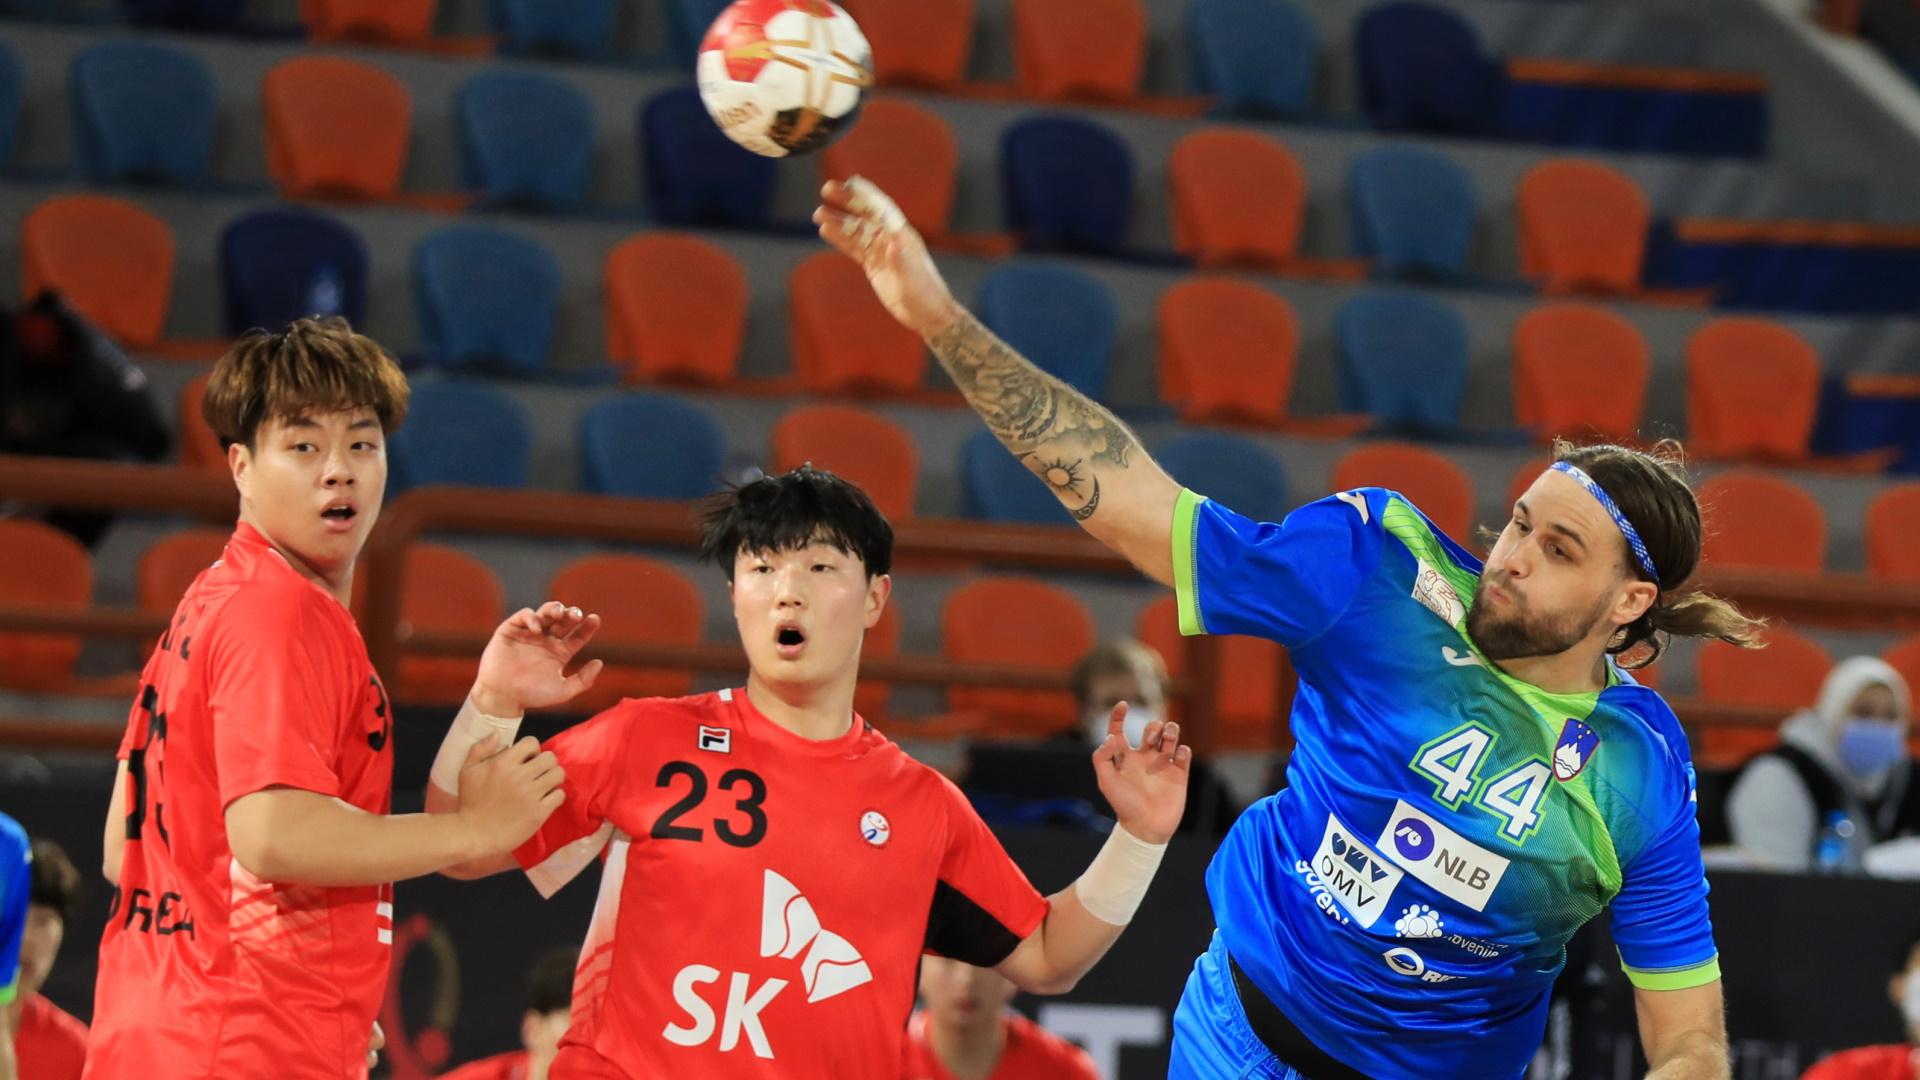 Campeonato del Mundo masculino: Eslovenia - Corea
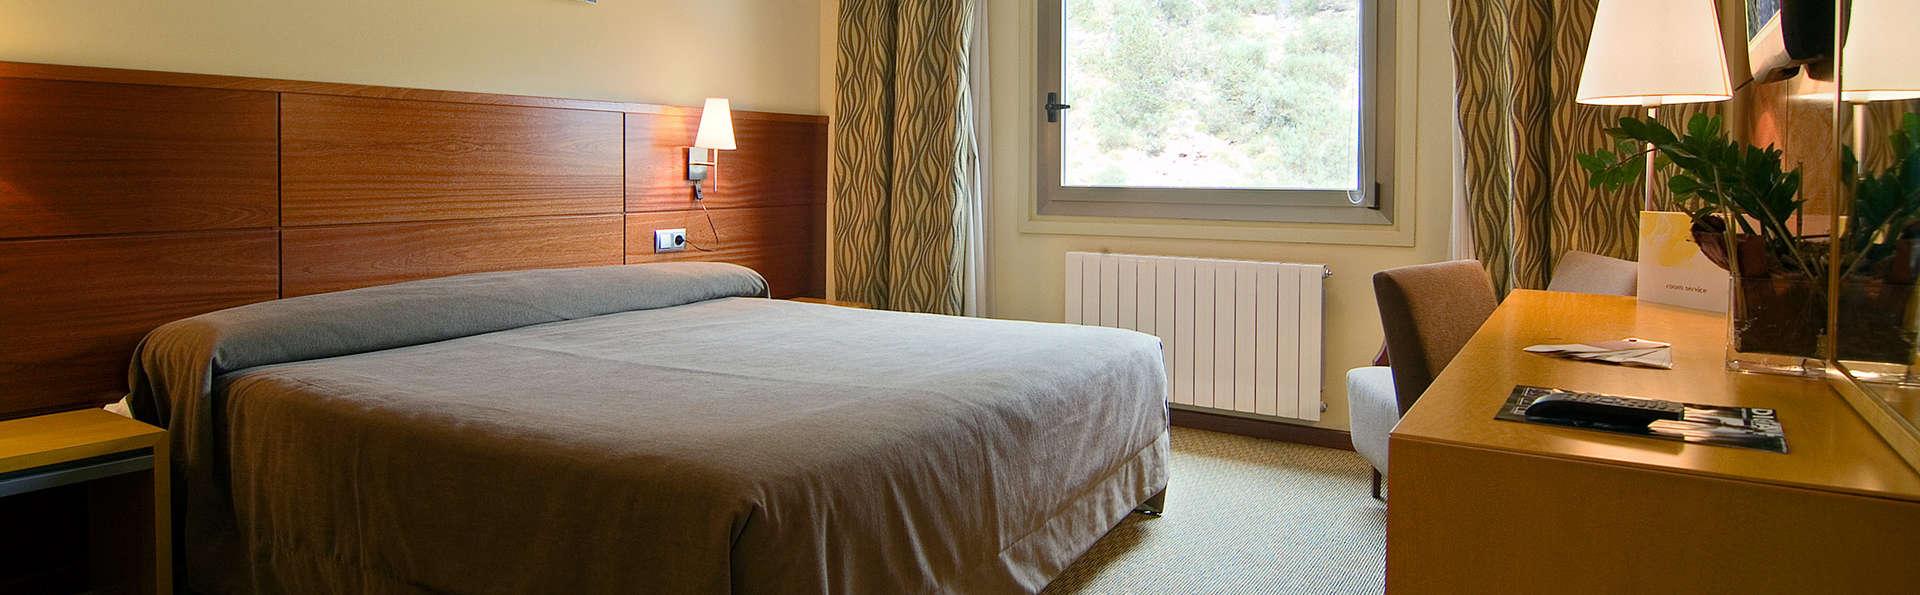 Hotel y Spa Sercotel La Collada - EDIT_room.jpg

--

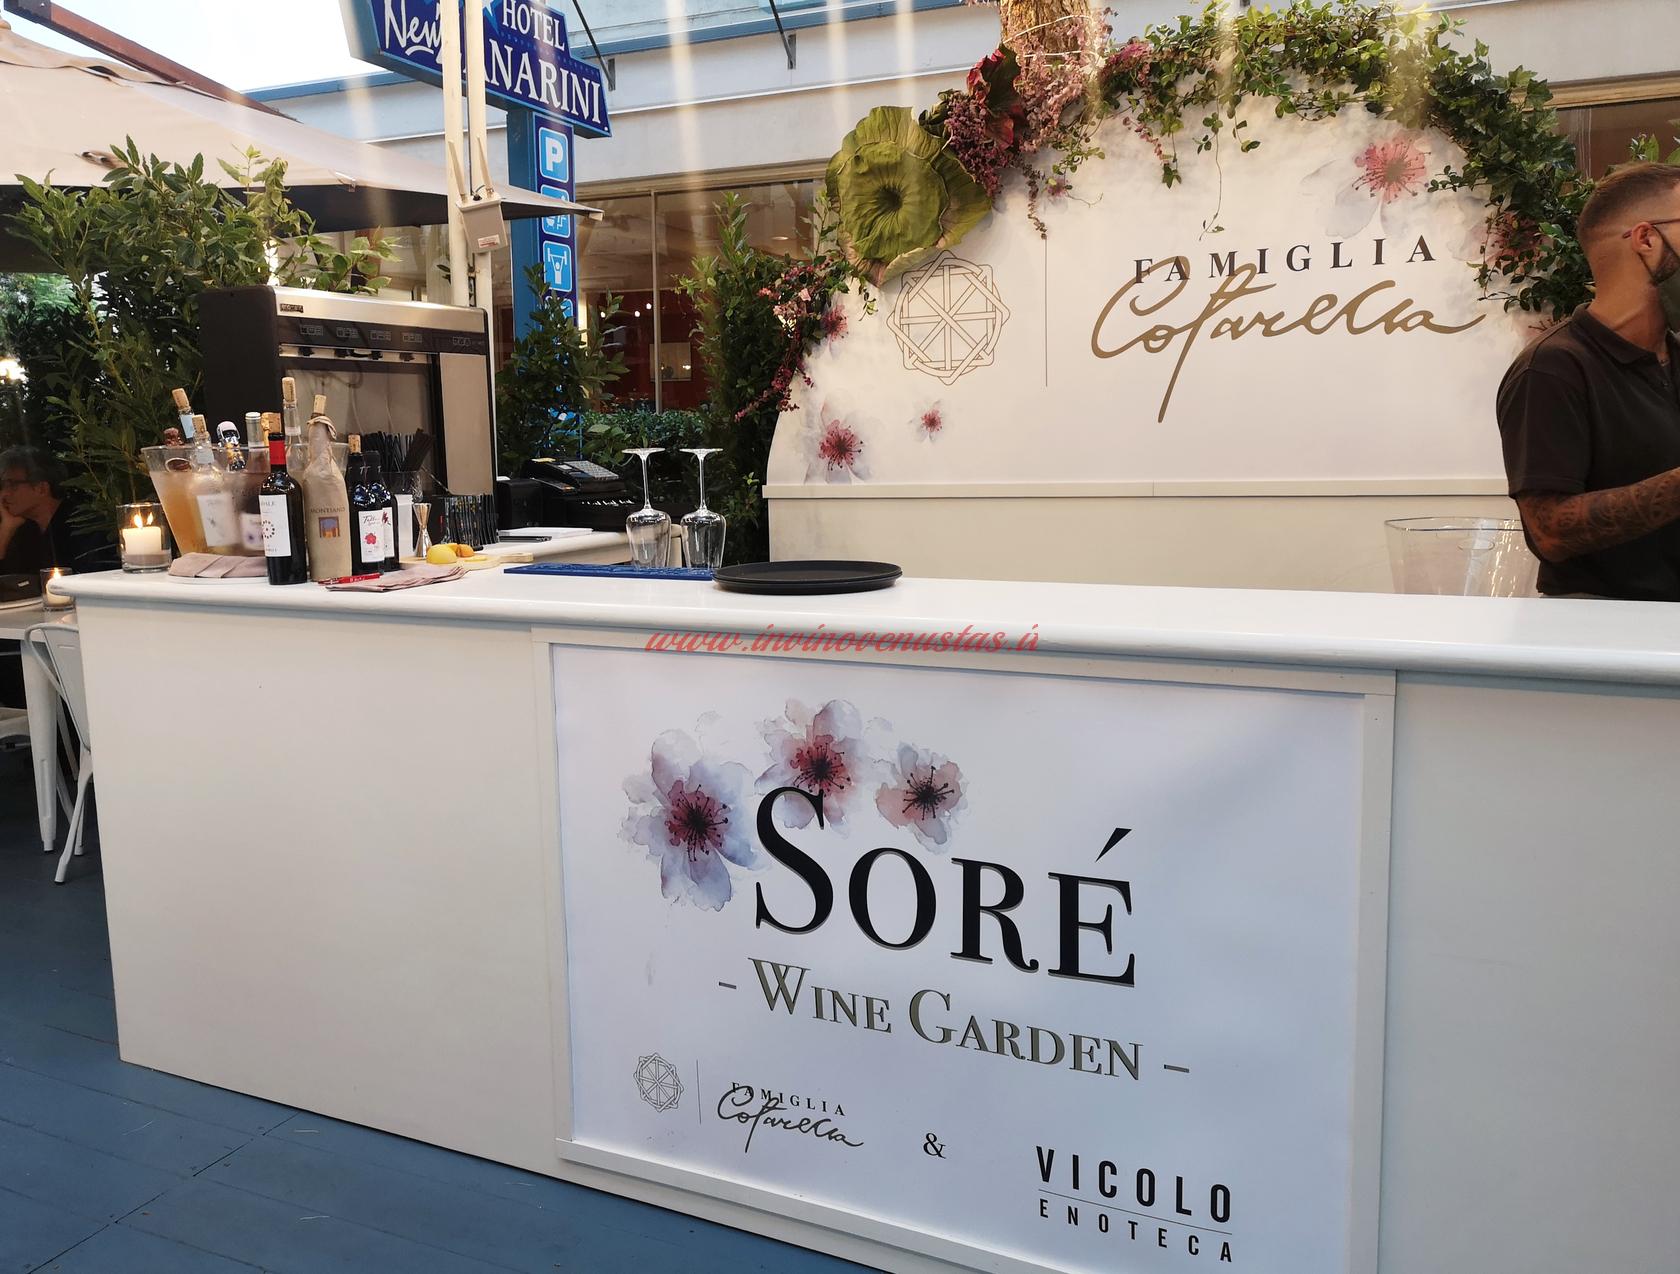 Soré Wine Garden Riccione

• _The problem_
What is wanted is an exact copy of the lines above from the one containing "Campeonato del Mundo" through the one containing "Hotel y Spa", with no pictures in it.

• _Task result_
 Campeonato del Mundo masculino: Eslovenia - Corea
 Hotel y Spa Sercotel La Collada - EDIT_room.jpg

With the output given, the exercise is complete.